Поскольку вы хотите узнать, как я отношусь к «Критике Школы Жён», к знаменитому Мольеру, я сперва скажу, что эта пьеса названа неправильно. У автора это такая защита, а вовсе не критика : в ней не говорится и об одной шестой части всех ошибок, которые можно было бы отметить, и Лизидас нападает на неё так слабо, что сразу становится видно, что автор говорит его устами. Ах ! Мы могли бы вернуться к другим вещам...
ОРИАНА.
Вы не должны винить автора, возможно между ним и Лизидасом нет ничего общего. Но прошу рассказать то, что же он забыл ? А потом поговорим о «Критике».
АРГИМОН.
Хотя мне нечего вам добавить из того, что вы, несомненно, знаете лучше меня, я удовлетворю ваше любопытство и начну с самого словосочетания «Школа Жён». Автор сам признался, что это имя не подходит его пьесе, и что он назвал её так только для того, чтобы привлечь Высший Свет, ослепив обманчивым названием. Поскольку он с этим согласен, я не буду больше говорить об этом и перейду к первой сцене. Как только пьеса началась, Кризальд сказал Арнольфу, что они одни. И могут говорить остроржно, не опасаясь быть подслушанными. Если, в чём можно не сомневаться, и как сам Мольер напечатал, вся эта комедия происходит на городской площади, как могло случиться такое, что Кризальд и Арнольф там оказались наедине ? Это я считаю абсолютно нереальным.
ОРИАНА.
Дело в том, что автор забыл сказать, что в городе была чума и он опустел из-за этого, что не позволило жителям выйти из дома ; но продолжайте.
АРГИМОН.
Кризальд совершенно бесполезный персонаж : он приходит без необходимости произнести шесть или семь четверостишей, чтобы похвалить рогоносцев, и уходит до обеда, потом говорит ещё столько же, чтобы потом снова вернуться к концовке пьесы и забрать Агнесу. Его речи не продвигают или не замедляют действие на сцене.
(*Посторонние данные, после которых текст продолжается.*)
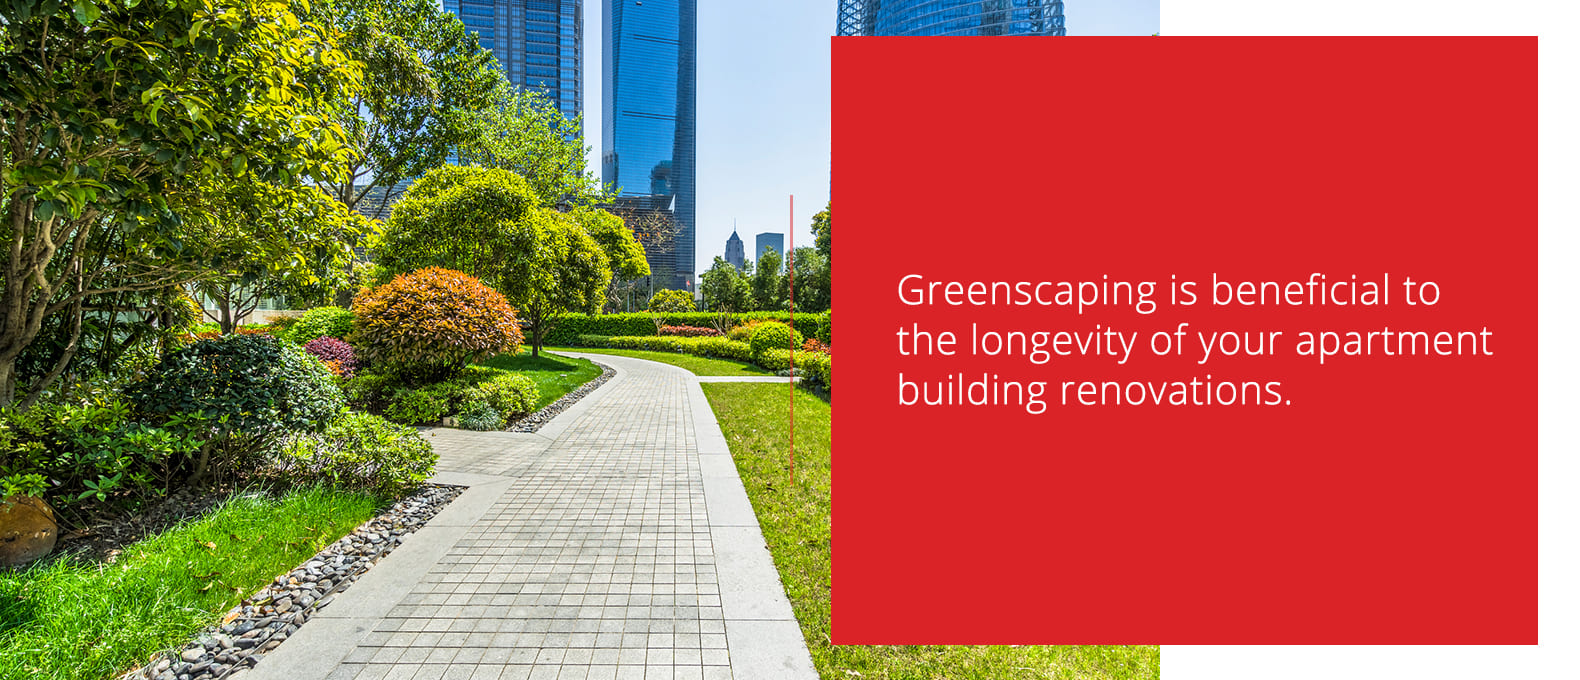 Greenscaping is beneficial to the longevity of your apartment building renovations

Можно даже сказать, что весьма невежливо оставлять с ним Арнольфа так долго в начале пьесы, поскольку, по всей видимости, последний прибывает пешком из сельской местности, и нам следовало бы ему дать передохнуть. Арнольф, после того, как в этой первой сцене он рассказал о своём вызывающем и ревнивом настроении до известной всем степени, немедленно опровергает характер своего героя, моля Кризальда прийти к нему в гости поужинать с Агнесой. Маловероятно, чтобы мужчина, который так сильно боится стать рогоносцем, без всякой надобности просит поужинать со своей будущей женой насмешника, который, кажется, только и делает, что предсказывает ему наставление рогов после женитьбы.
ОРИАНА.
Хорошо известна хитрость автора и то, что Арнольф просит Кризальда прийти к нему на ужин только для того, чтобы показать продолжительность пьесы, и заставить его вернуться к четвертому акту и досказать, что осталось, в пользу рогоносцев. Поэтому он обязывает своего Героя опровергать данный характер с первого акта.
АРГИМОН.
То, что вы говорите, весьма разумно.
ОРИАНА.
Думаю, таков был замысел.
АРГИМОН.
Арнольф, покинув Кризальда, стучится в свою дверь И так как он долго не может её открыть, выражает негодование и жалуется на то, что с ним церемонятся, держа под дверью. Однако, не войдя, когда дверь уже открыта, он просит Агнесу спуститься и беседует с ней посреди площади в разгар рабочего дня. Через некоторое время он отправляет её обратно, и хотя он прибыл из десятидневной поездки, он не заходит домой и не говорит о каких-то неотложных делах, которые мешают попасть в дом.
ОРИАНА.
Этот недочёт я не могу простить автору. Хорошо видно, что Арнольфу в городе нечем заняться, и он присутствует на сцене театра лишь для того, чтобы сыграть роль Комедианта, который только и делает, что поджидает Ораса.
АРГИМОН.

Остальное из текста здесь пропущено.